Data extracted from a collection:
····················

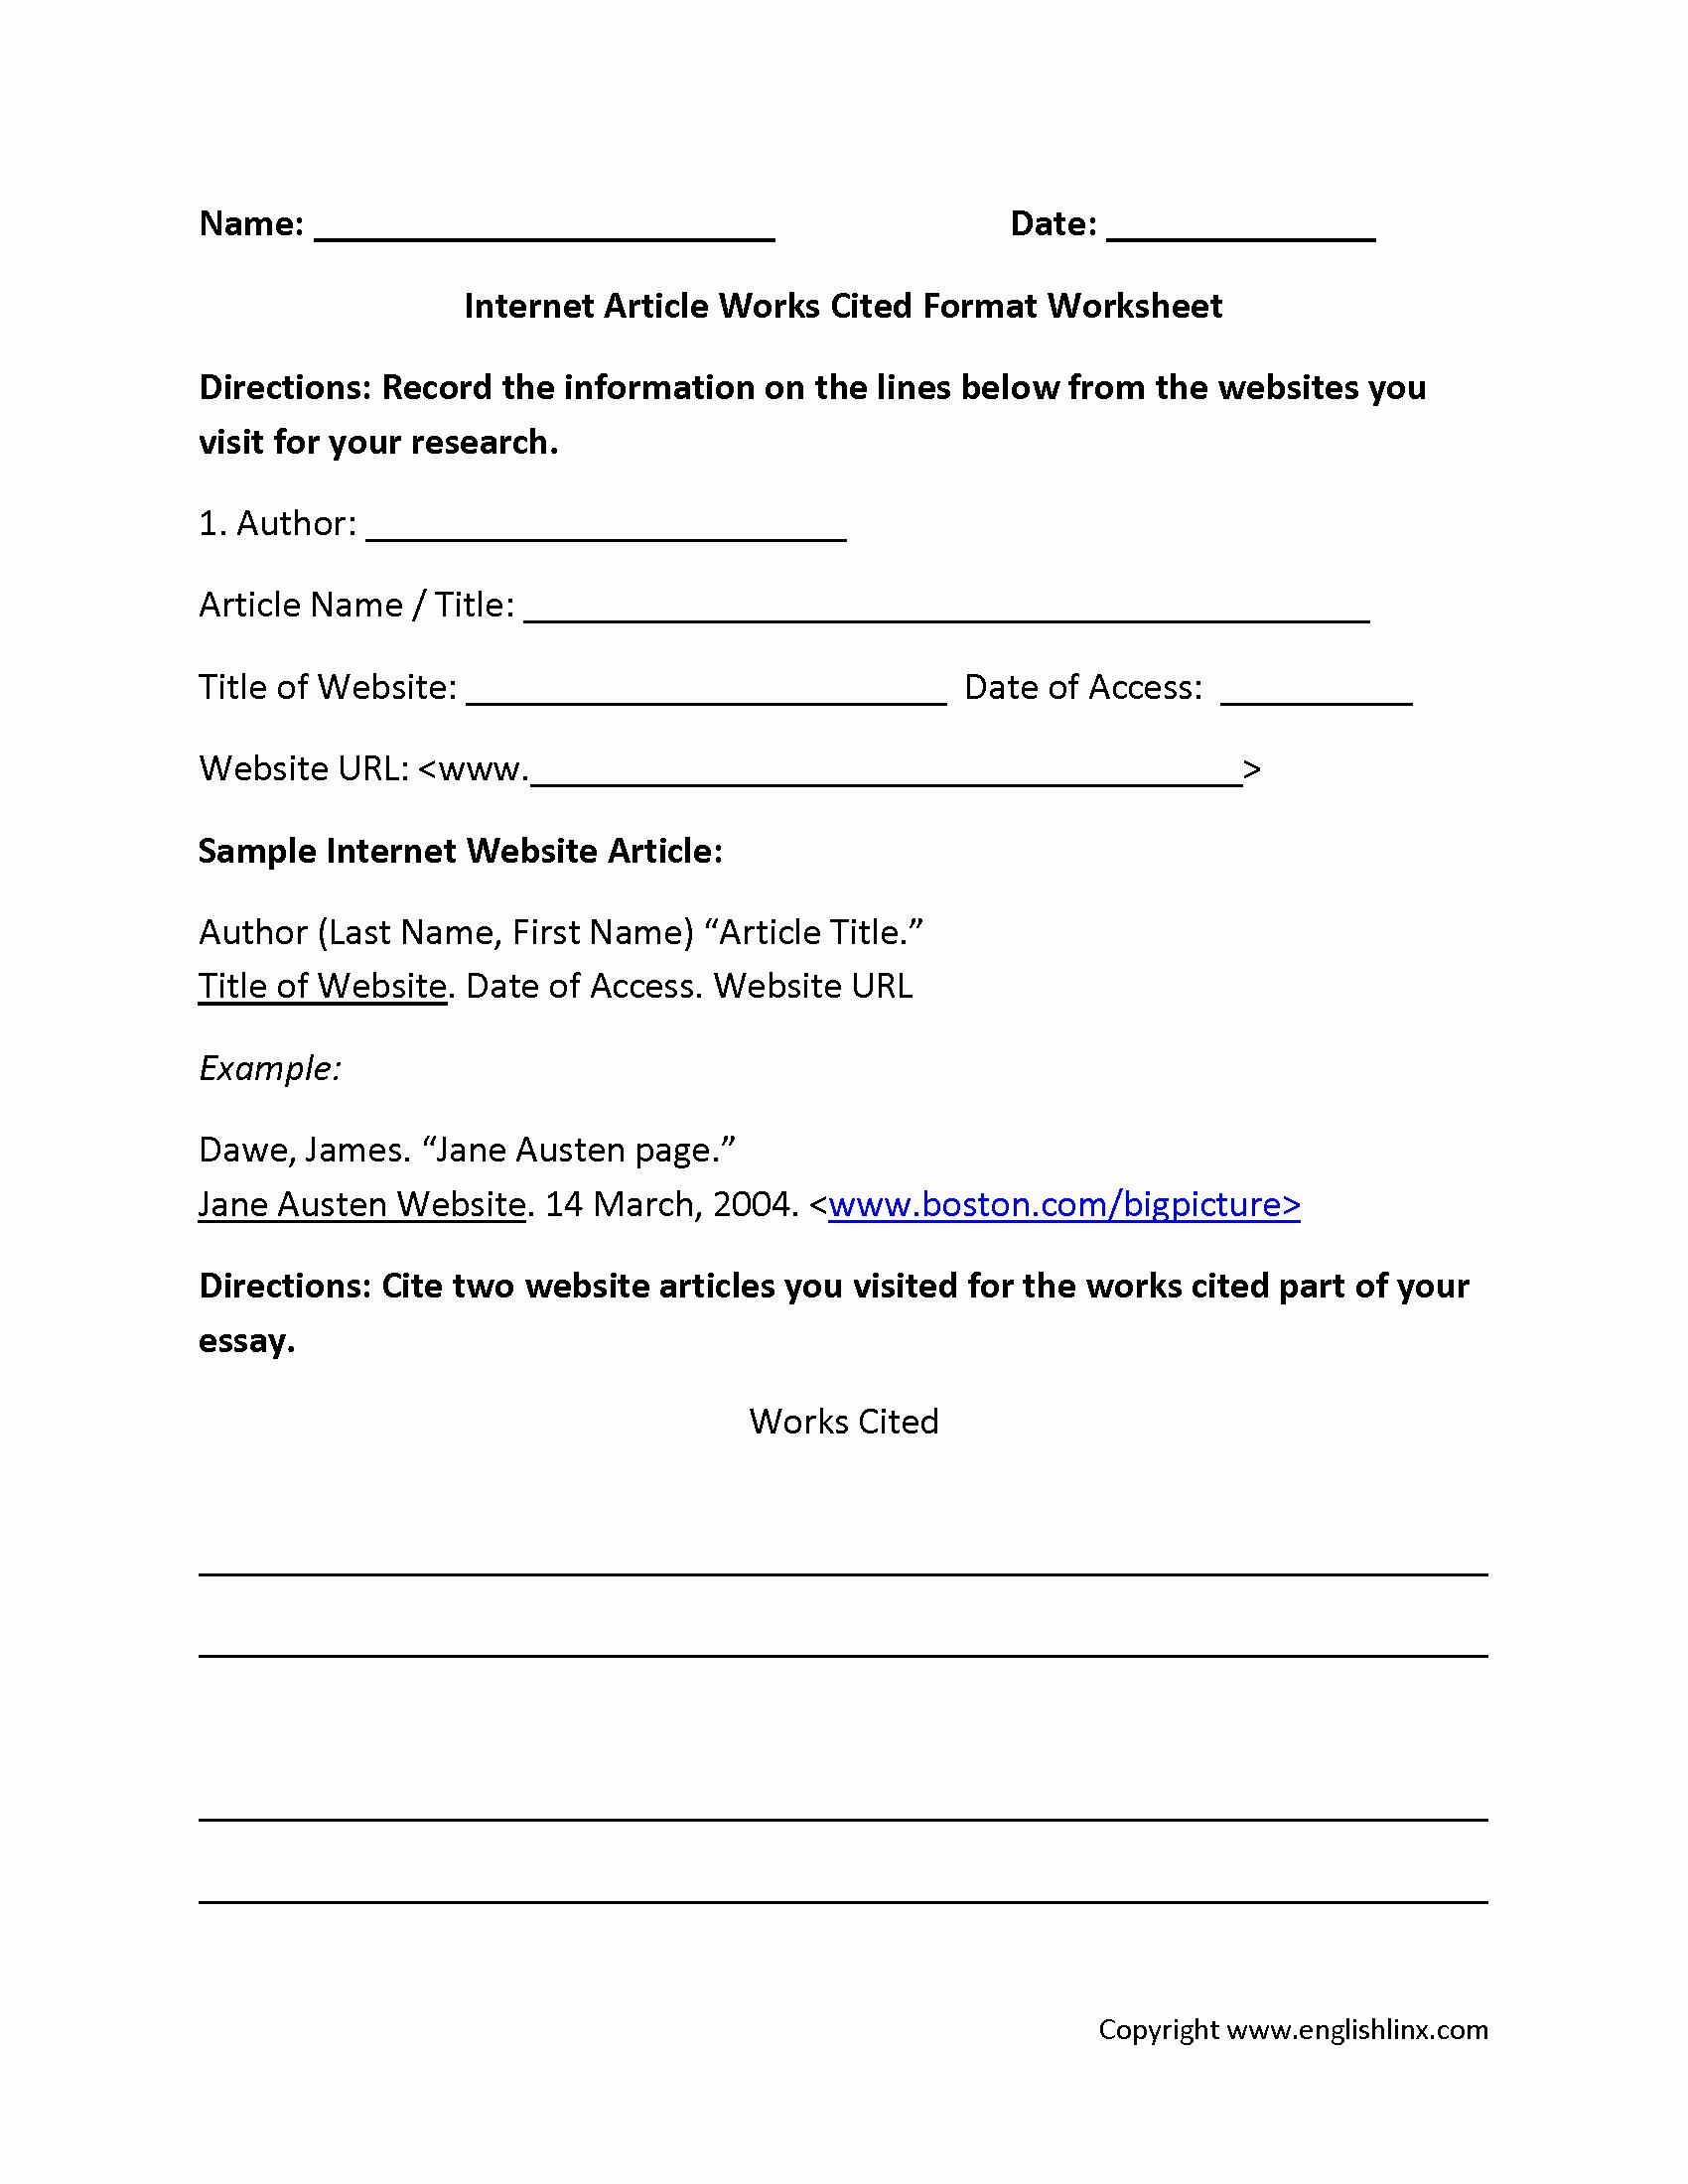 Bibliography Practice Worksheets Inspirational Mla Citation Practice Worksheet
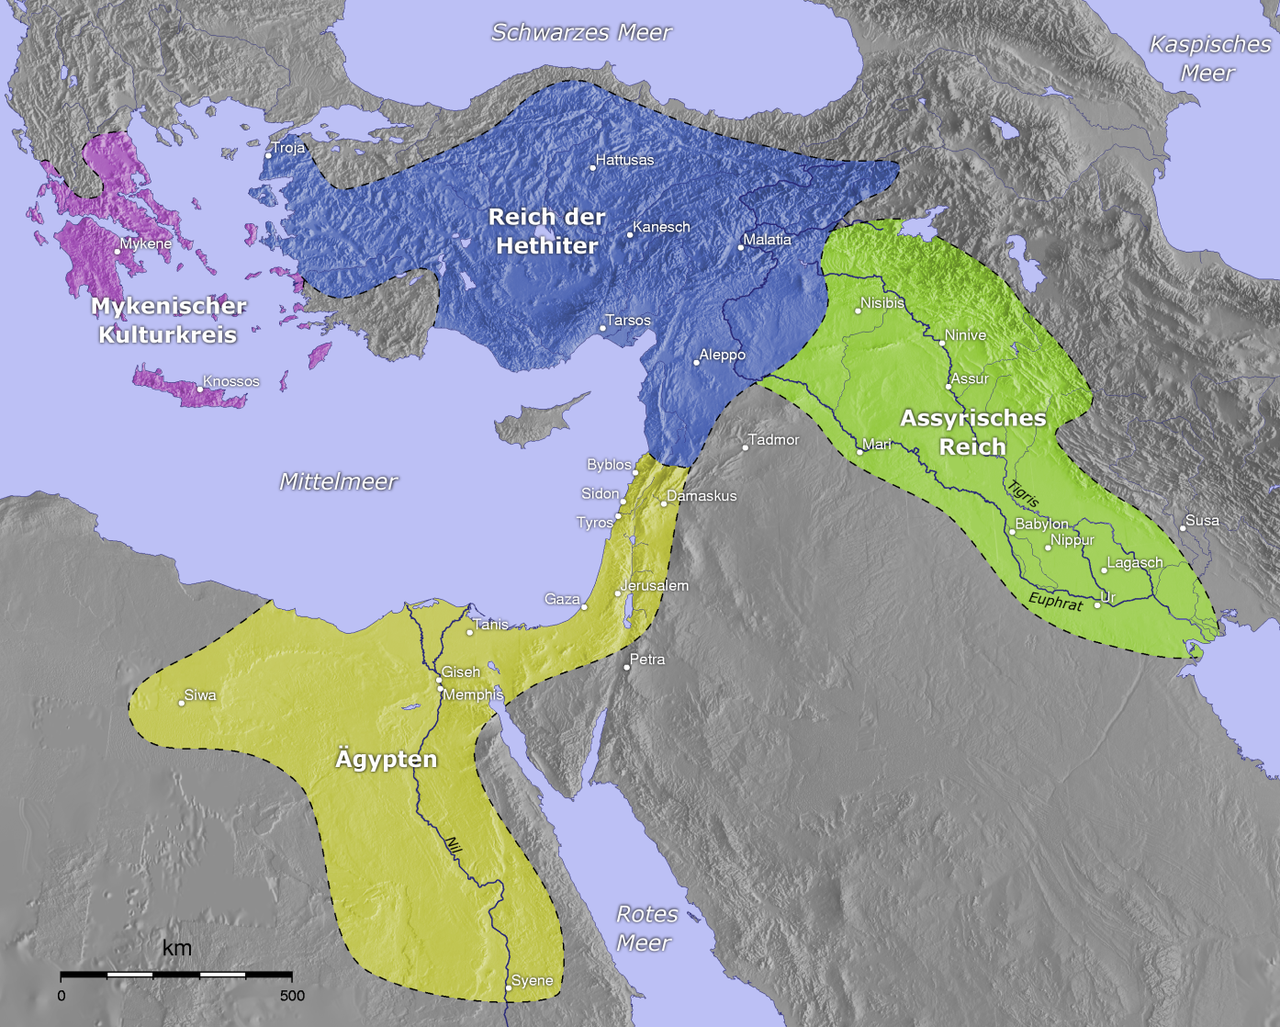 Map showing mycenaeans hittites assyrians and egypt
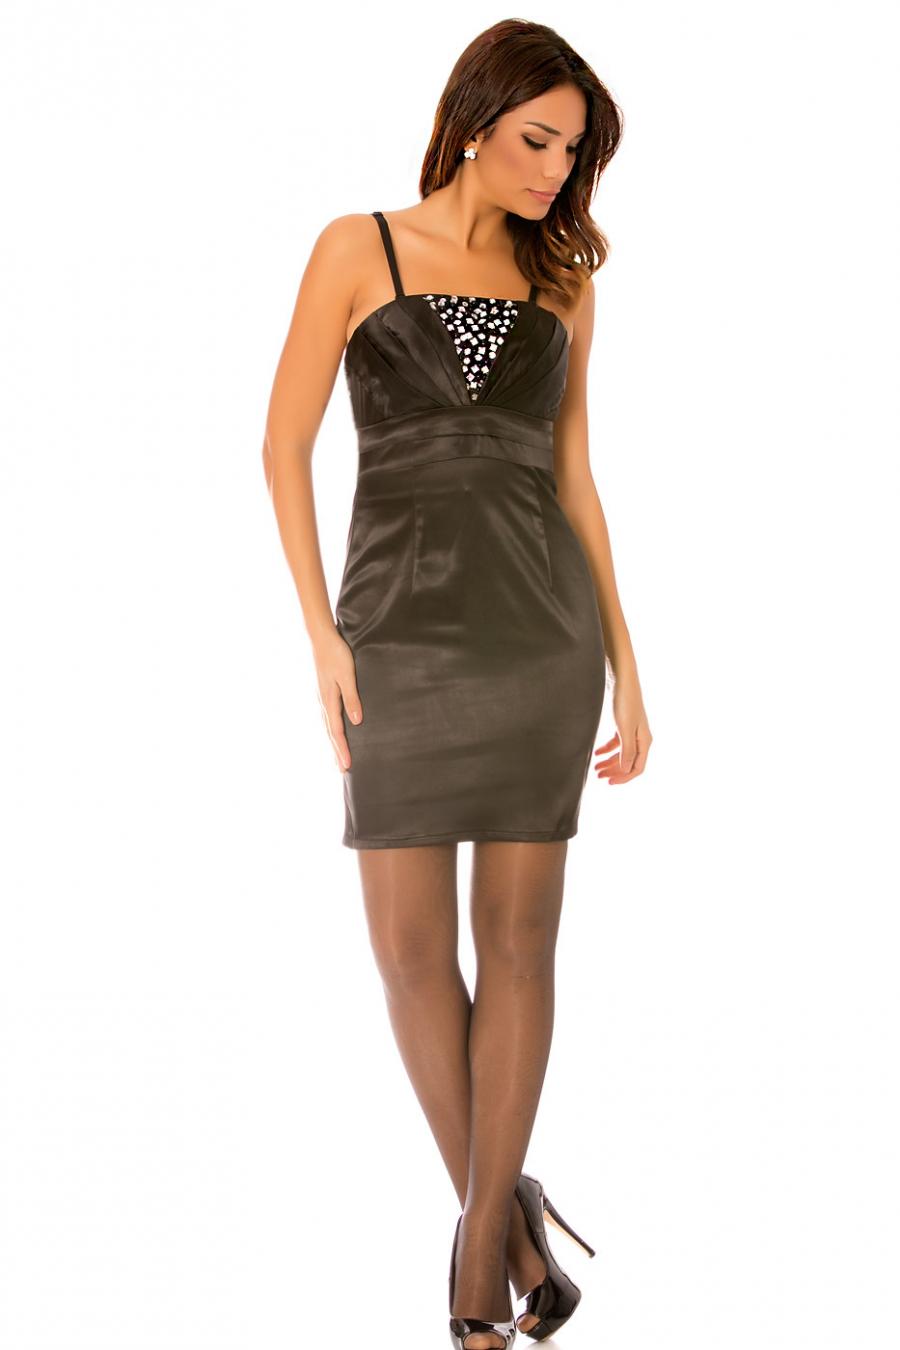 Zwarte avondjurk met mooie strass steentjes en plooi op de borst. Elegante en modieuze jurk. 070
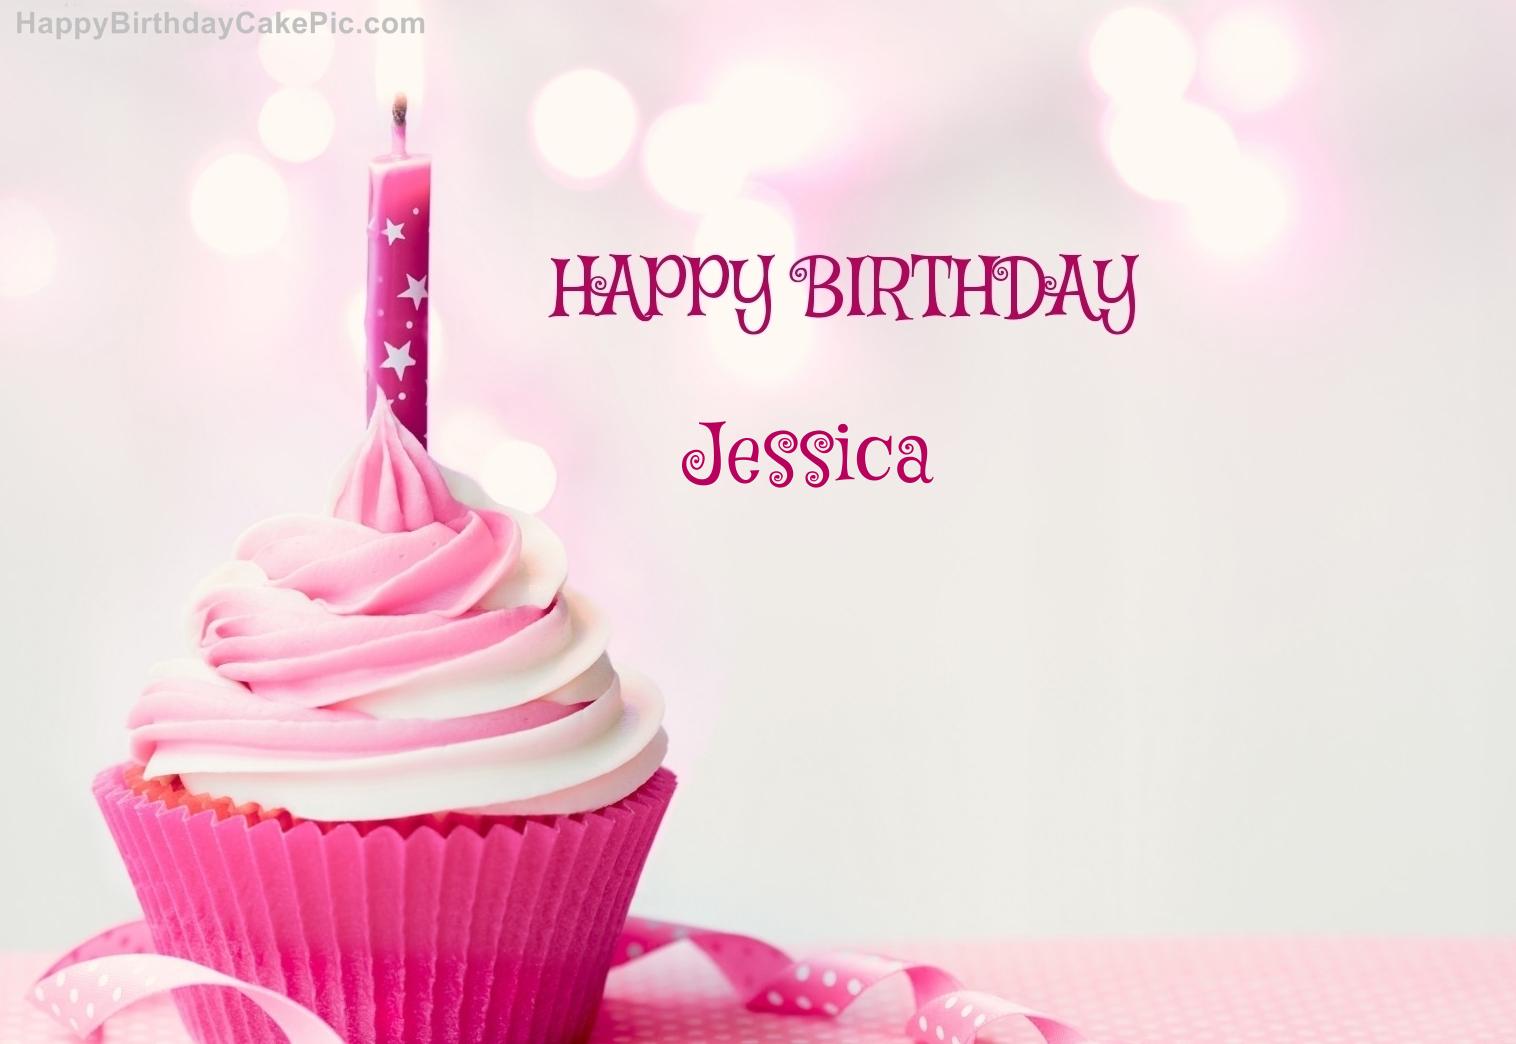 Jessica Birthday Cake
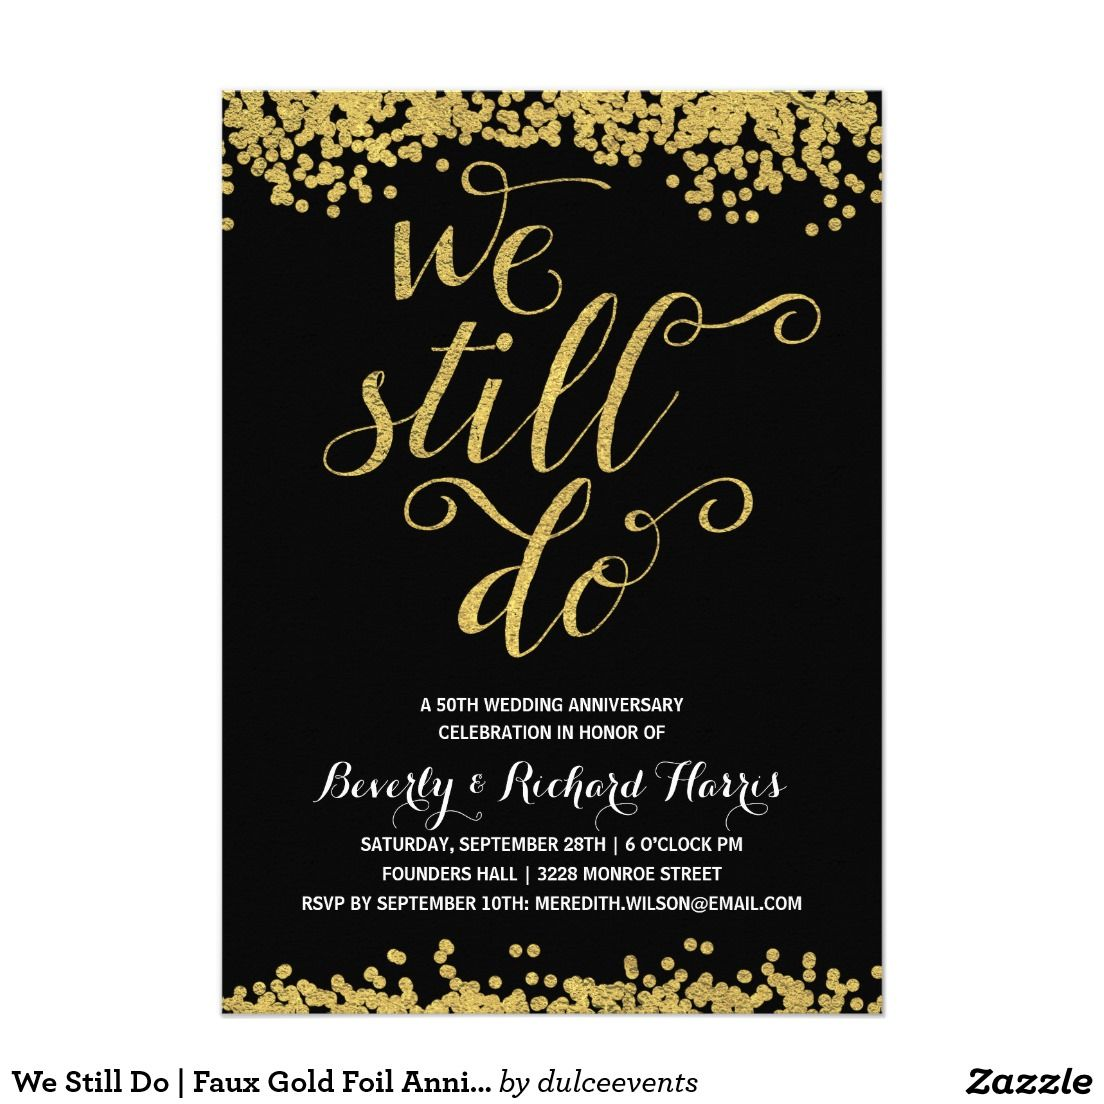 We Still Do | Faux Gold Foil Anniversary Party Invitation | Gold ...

····················

Task goal: Please retype the lines from the one that contains "Map showing mycenaeans" to the final line of the records, both included, exactly as written and without any pictures.

Response to this task:
 Map showing mycenaeans hittites assyrians and egypt
 Zwarte avondjurk met mooie strass steentjes en plooi op de borst. Elegante en modieuze jurk. 070
 Jessica Birthday Cake
 We Still Do | Faux Gold Foil Anniversary Party Invitation | Gold ...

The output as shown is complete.